Most of my memories of my early childhood are a blur of hurled slurred words, exchanges of punches, sirens, flashing lights, and tears. There are moments of laughter and the beach interspersed, but those memories are few and far between. After the rough nights of fighting, I remember thinking that I needed to be good and keep both of my sister’s calm. If I was good enough and took good enough care of my sisters, then maybe my parents wouldn't fight anymore. So, I learned early how to pick up, do dishes, and even make sandwiches in an effort to prolong the moments of calm in my tumultuous home.
Once my parents divorced and my sisters and I moved to the Belton/Temple area to start over with my mom my ability to anticipate and fill needs was sharpened further. My mother's bipolar disorder meant I had to try to read her moods and hold off the swings as long as possible. When my mom was in one of her depressive states the best way to keep her from taking out all of her anger on me was to make sure things were as tidy as my little hands could make them. I became fairly good at watching and navigating my mother's ever-changing moods.
When intervention came and I moved in with my aunt and uncle I became good at reading the needs of the people around me. I found myself falling into the background and not vocalizing my needs since there were six kids in our house and so many needs to be filled. There were just not enough hours in the day for my aunt and uncle to give each of us individualized attention.
As I grew, I found a lot of joy in being able to help my aunt with the cooking and cleaning. I enjoyed seeing the instant results of my efforts and even found peace in the productivity of these day-to-day activities. Then God intwined my life with a man who chose a career in the military, and I was able to use my cooking and cleaning skills to serve the men and women who protect our country. During our young married life, we hosted many meals at our home and provided a safe place for young men and women to call their home away from home.

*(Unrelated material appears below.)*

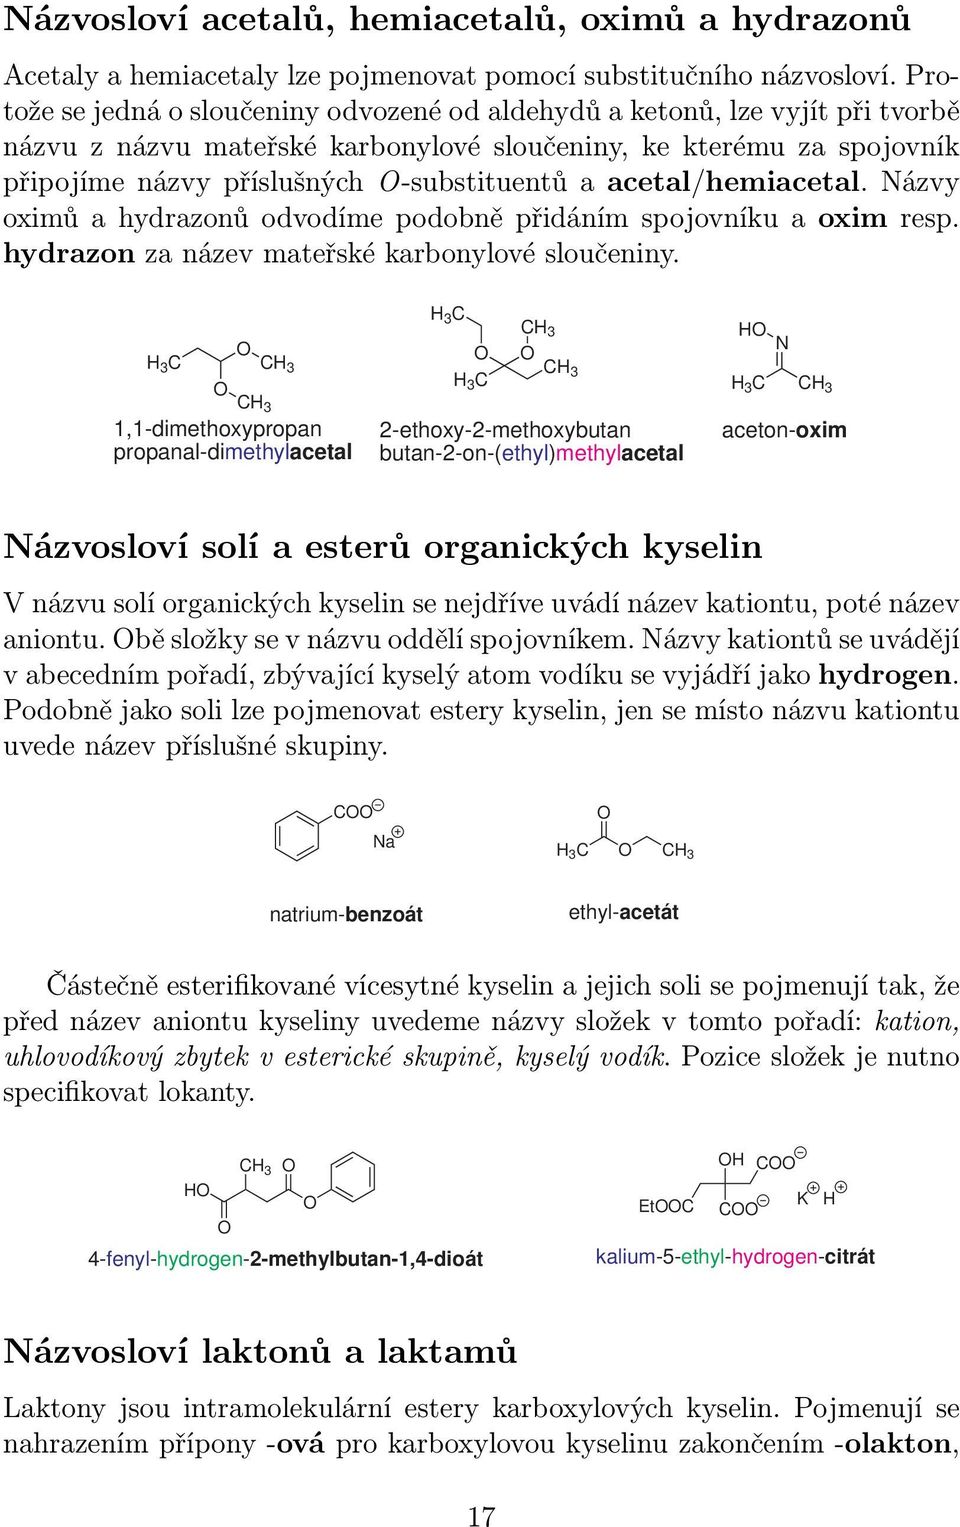 acetal/hemiacetal. ázvy oximů a hydrazonů odvodíme podobně přidáním spojovníku a oxim resp. hydrazon za název mateřské karbonylové sloučeniny.

My husband being in the military has meant that my goals and individual dreams had to take a back seat to the demands of his career. This is not a complaint, just a statement of fact. Add in having babies and deployments and it was easy for my entire day to be consumed with cooking, cleaning, and laundry. All of which I did happily, but I would be lying if I said I didn't struggle. When my kids were really little, I felt a loss of individual identity. It was like I didn't know who I was outside of my husband and my kids. There were times when that feeling really scared me.
When we moved to Nellis AFB and Ketchup Sandwiches started taking form, all of my roles as a supporting cast member were occasionally having to take a back seat to my writing. I began to feel selfish for not making sure all of the laundry was put away or leaving dishes to be washed the next day. When I would go upstairs for a few hours on a Saturday or Sunday to write leaving my husband and kiddos to fend for themselves I felt like I wasn't fulfilling my duties or being a good mom.
Logically, I know that one day of dishes waiting or laundry sitting in a basket doesn't make me a bad mom. My husband is a good father and the kids getting to spend time with just him is important. This struggle between feeling like I need to be constantly filling gaps playing the supporting role and bringing my dream to life has not gone away. I regularly have to have conversations with myself about letting go of these ideas. I have to remind myself that constant productivity does not necessarily translate to success. Rest in itself is a form of productivity.
Now, these conversations sometimes fall on deaf ears. As is evident in the fact that I am writing this while sitting poolside watching my kid’s swim. Slowly, I am getting more comfortable putting myself center stage.